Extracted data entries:
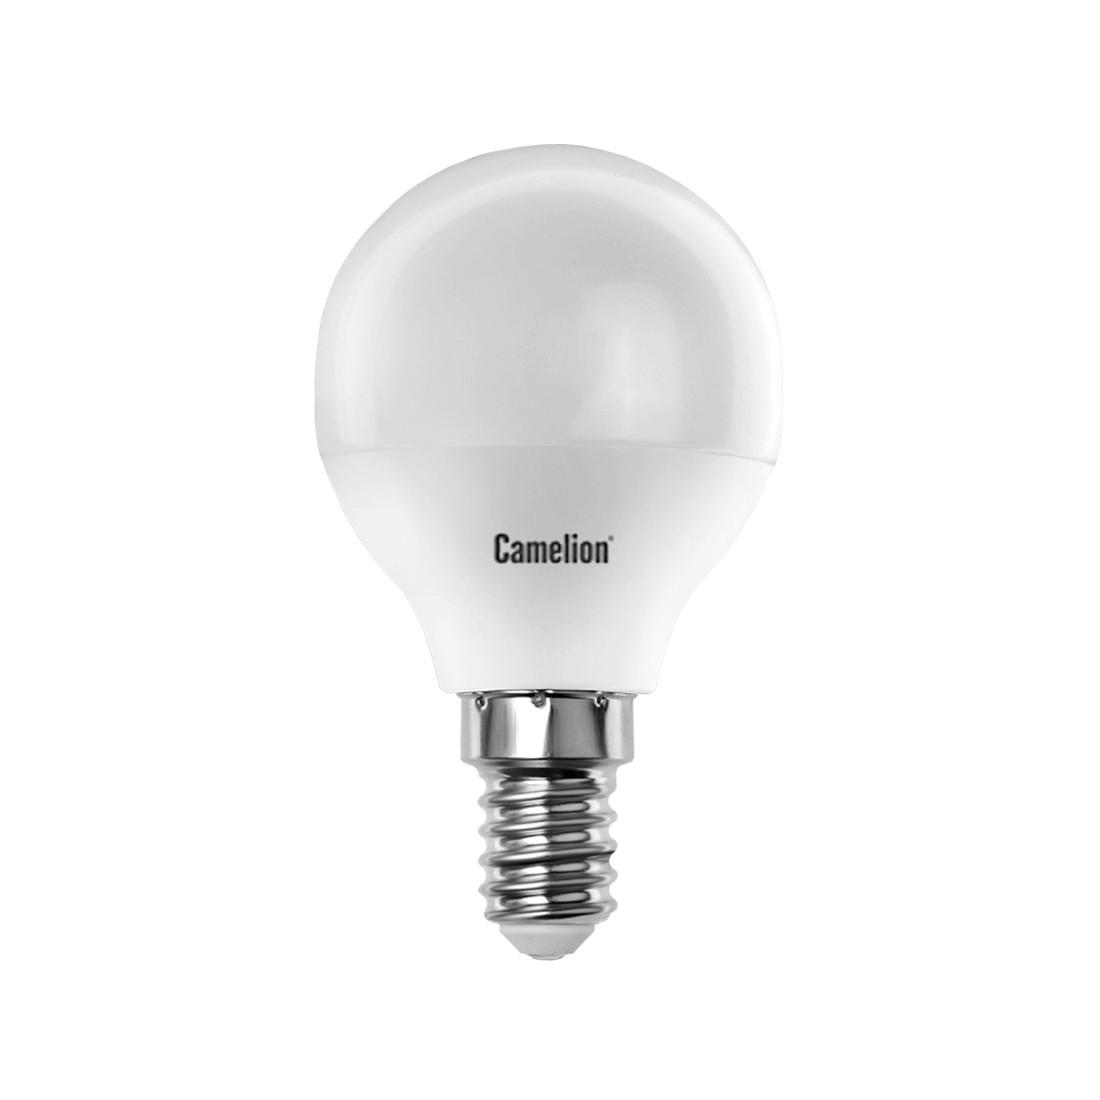 Эл. лампа светодиодная  Camelion  LED7-G45/845/E14
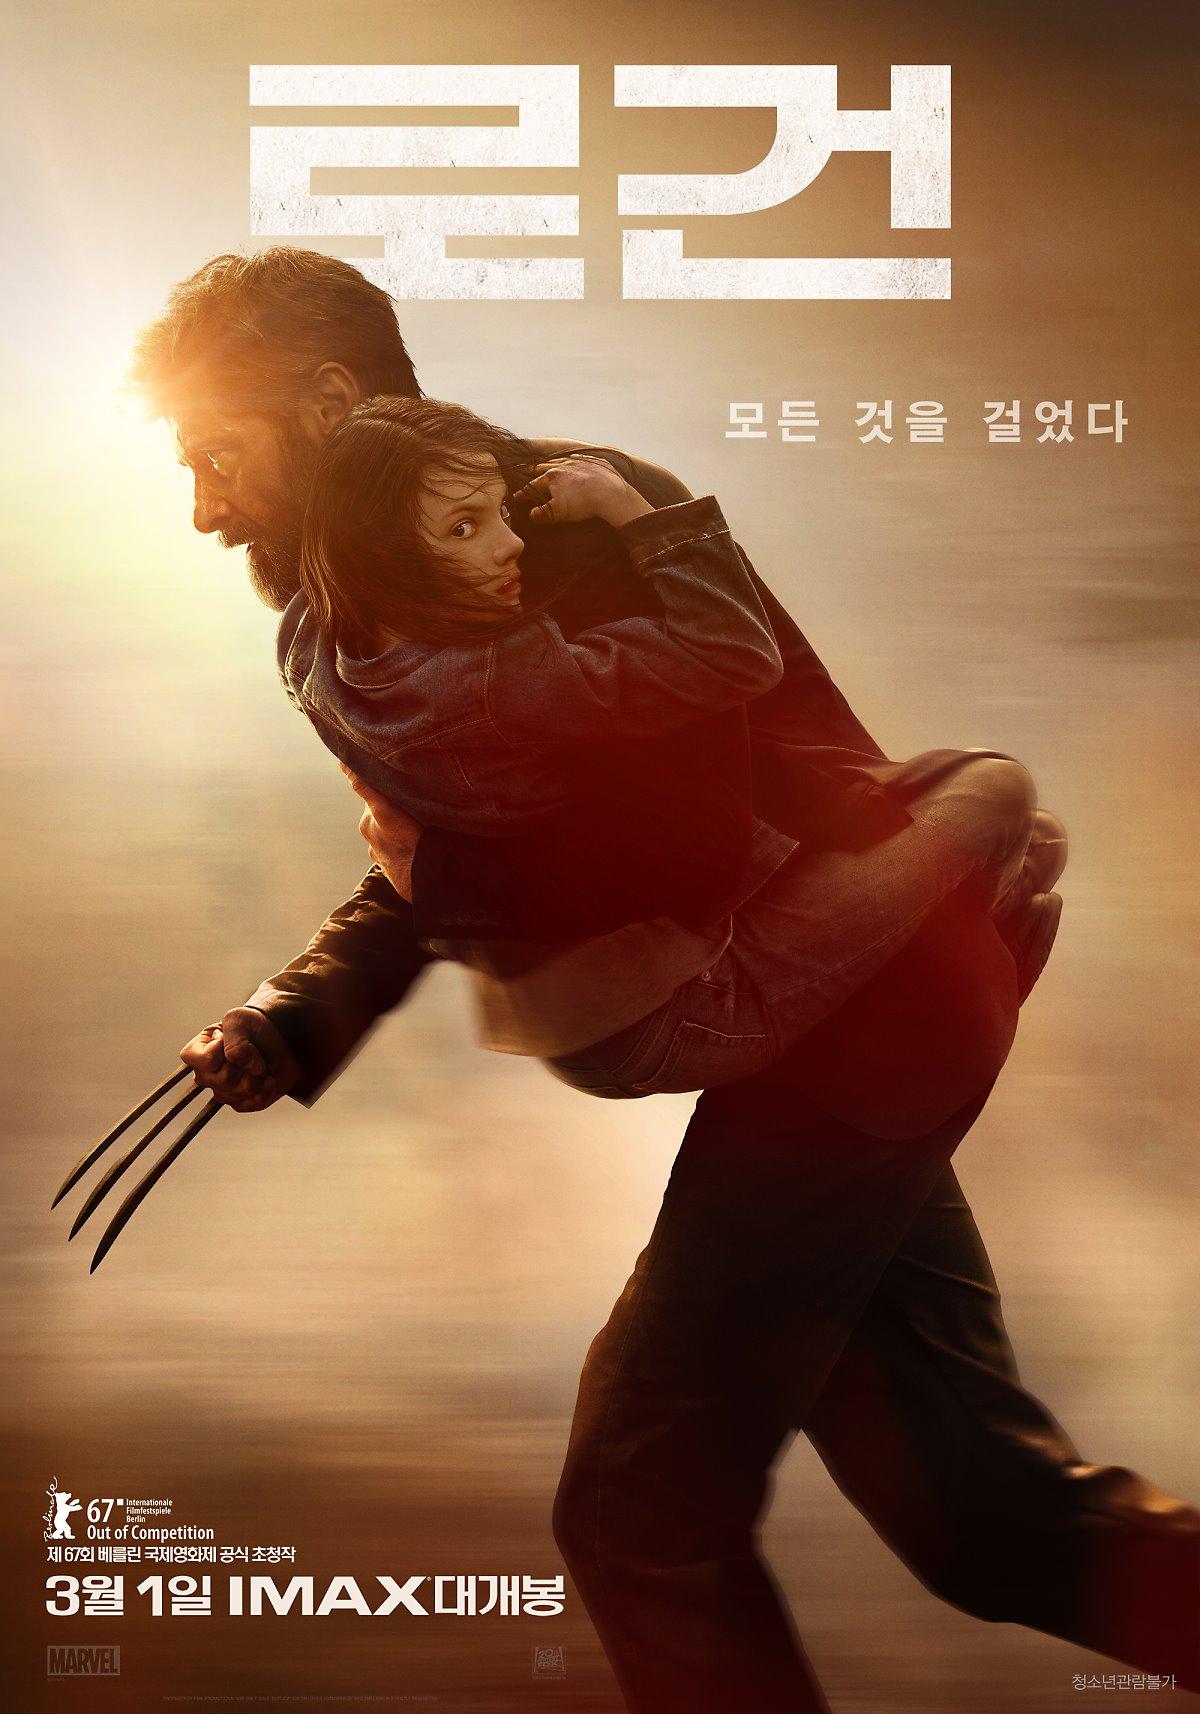 로건 (Logan, 2017)
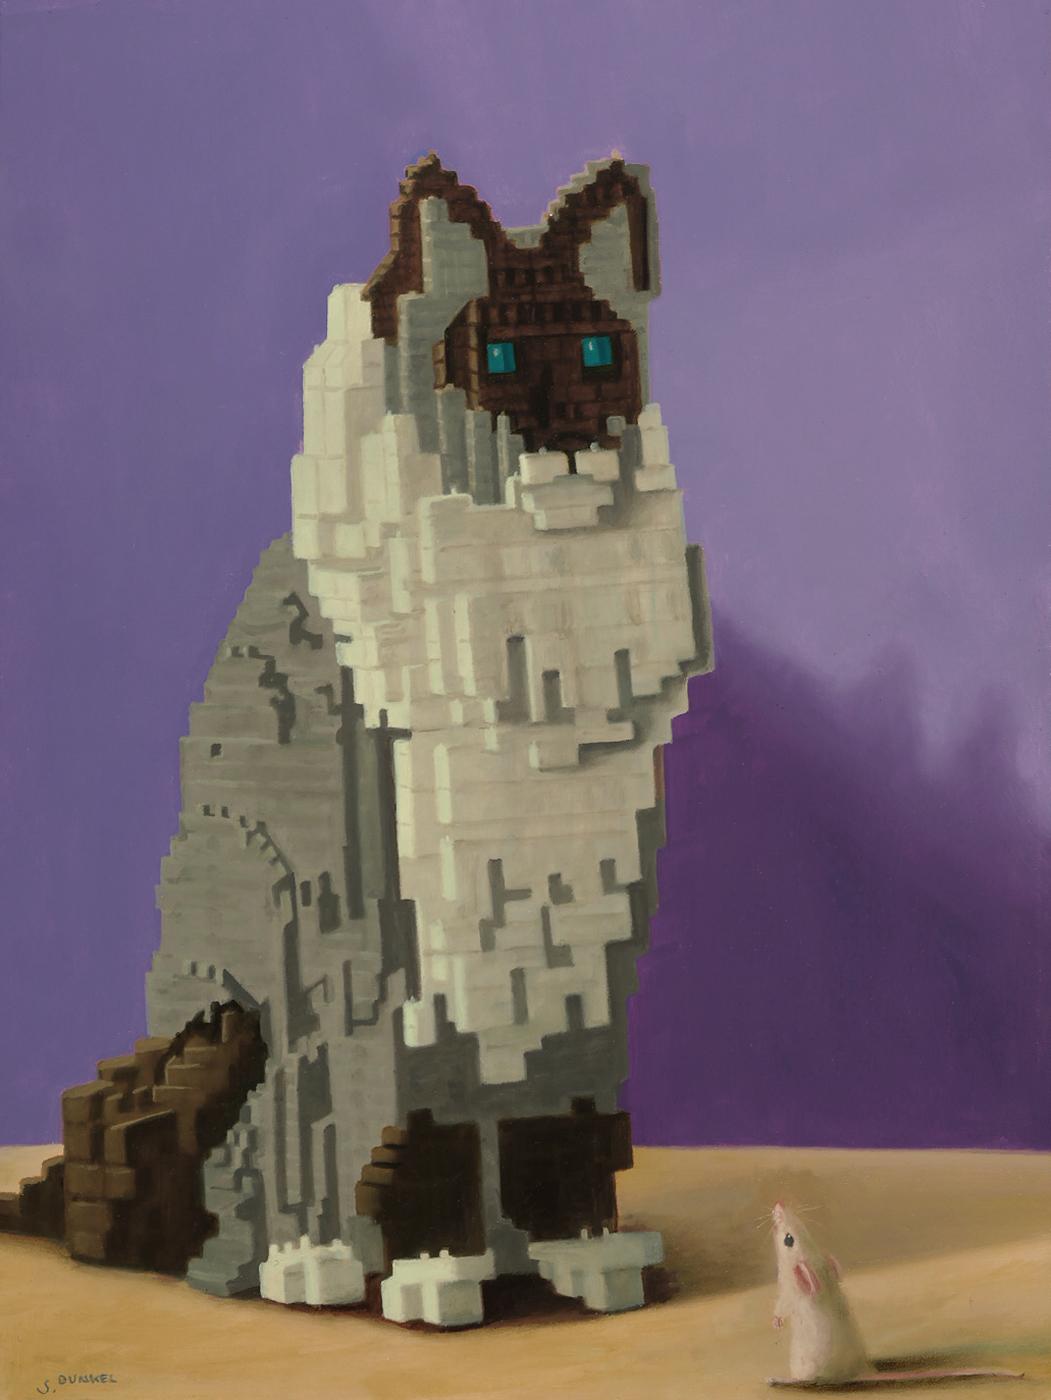 stuart_dunkel_sd1358_lego_monster.jpg
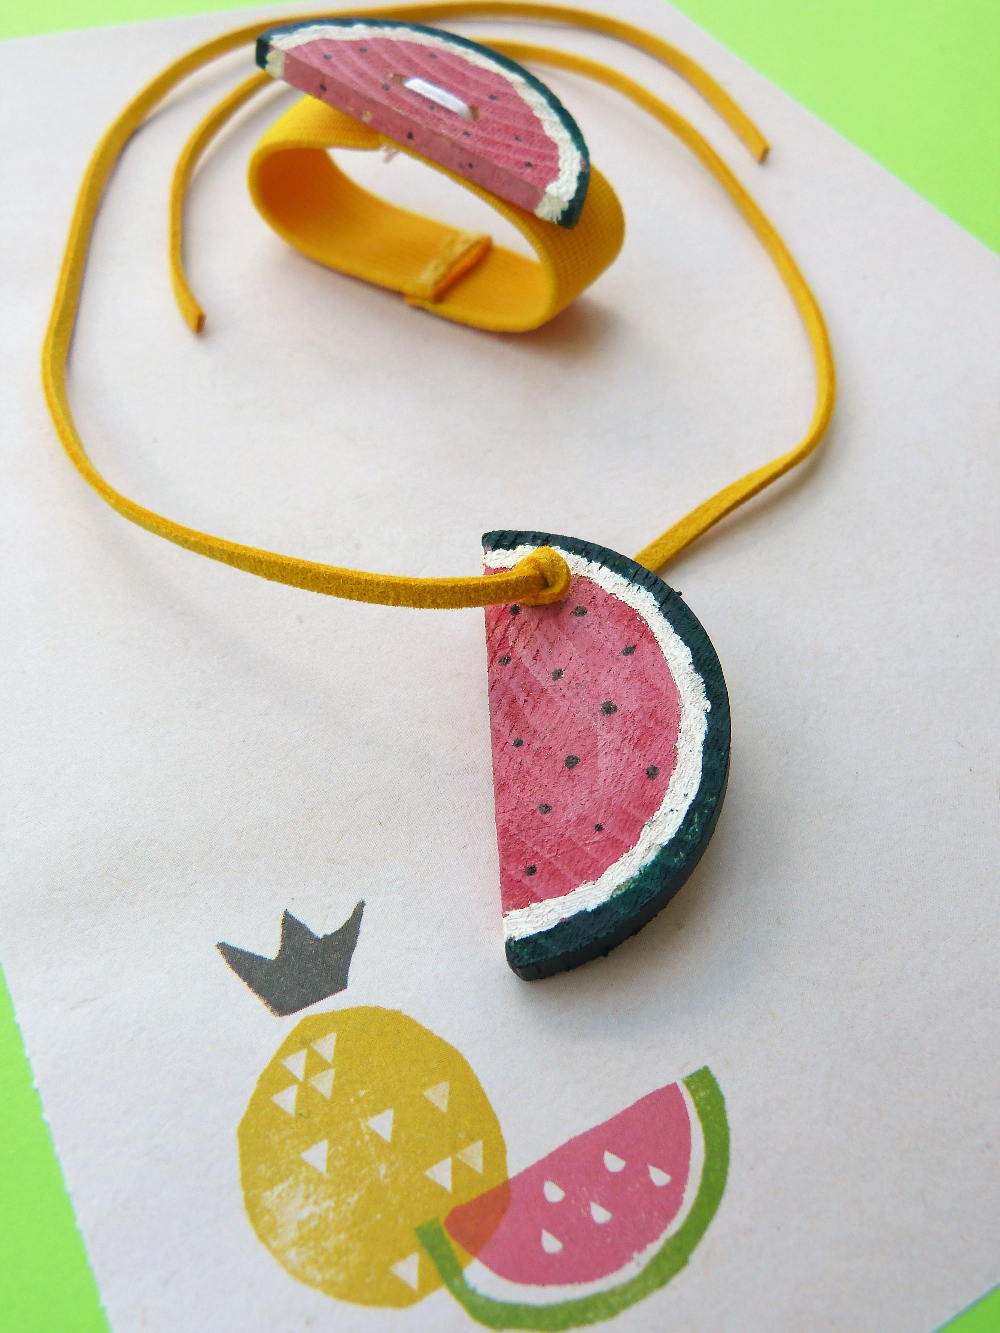 Anleitung | Wassermelonen - Schmuck für Kinder selbstgemacht aus Holz | www.fantasiewerk.ch
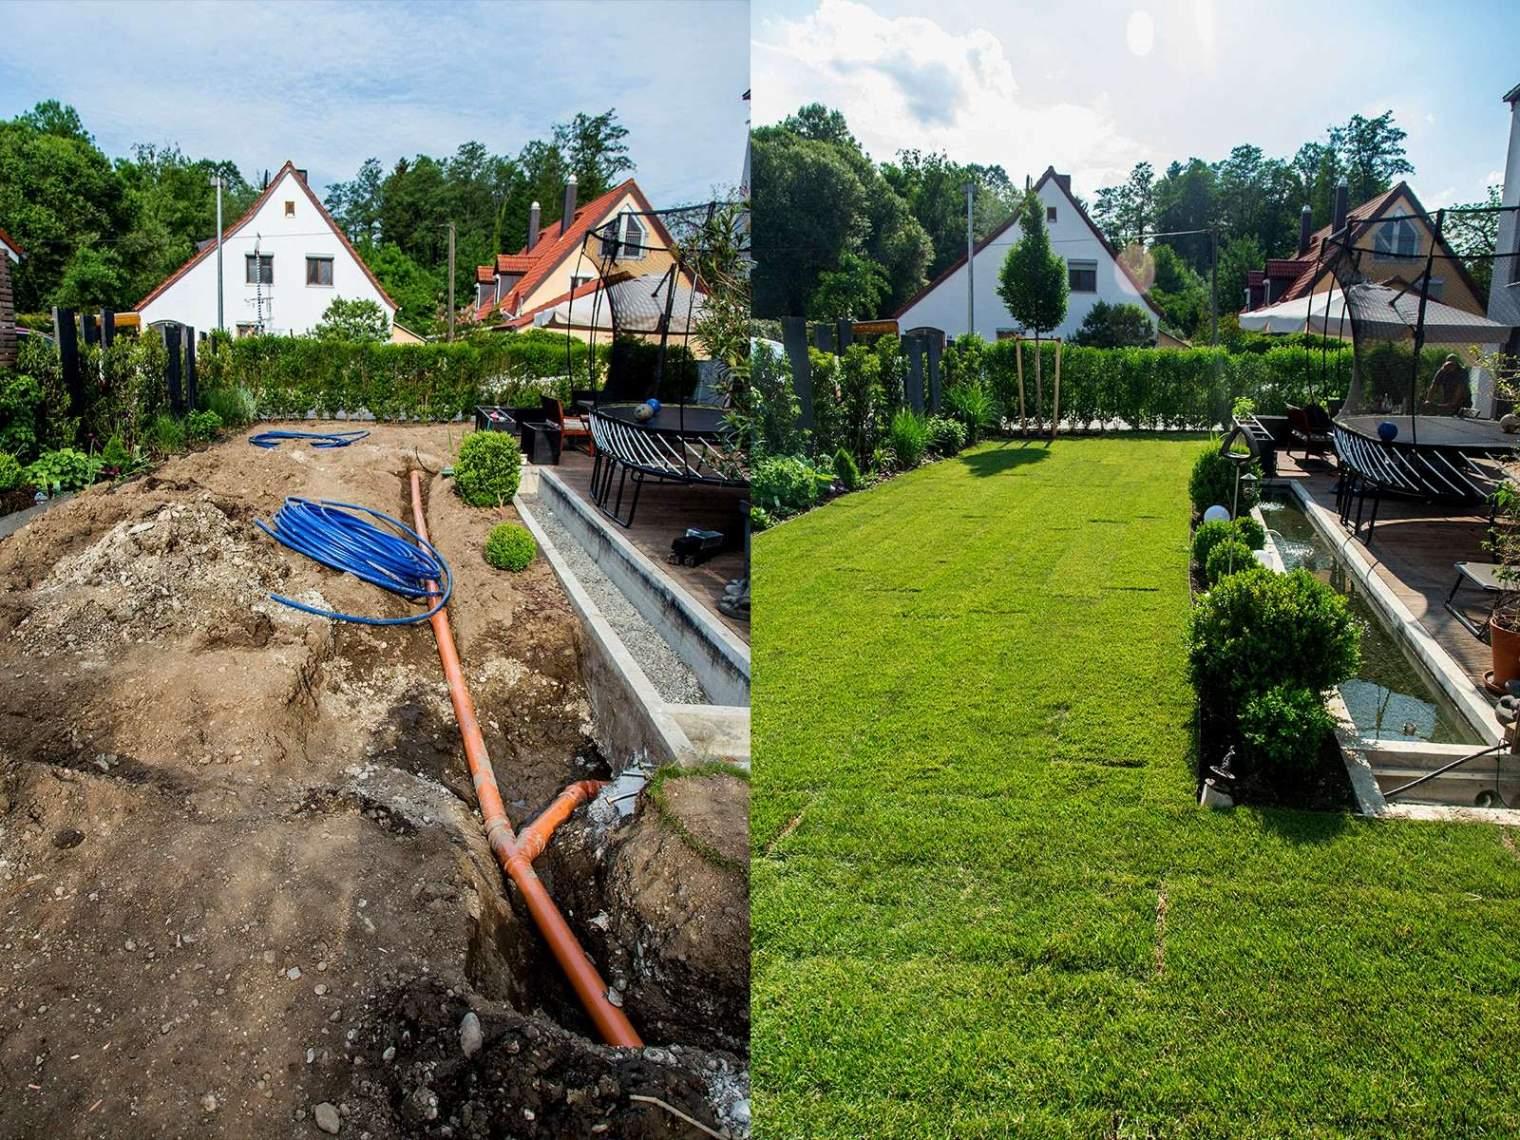 Bewässerungssysteme Garten Selber Bauen Luxus Küche Mit Integriertem Sitzplatz — Temobardz Home Blog

> _What the task requires_
Print the records exactly, every one. Leave out the pictures.

> _Expected output_
 Эл. лампа светодиодная  Camelion  LED7-G45/845/E14
 로건 (Logan, 2017)
 stuart_dunkel_sd1358_lego_monster.jpg
 Anleitung | Wassermelonen - Schmuck für Kinder selbstgemacht aus Holz | www.fantasiewerk.ch
 Bewässerungssysteme Garten Selber Bauen Luxus Küche Mit Integriertem Sitzplatz — Temobardz Home Blog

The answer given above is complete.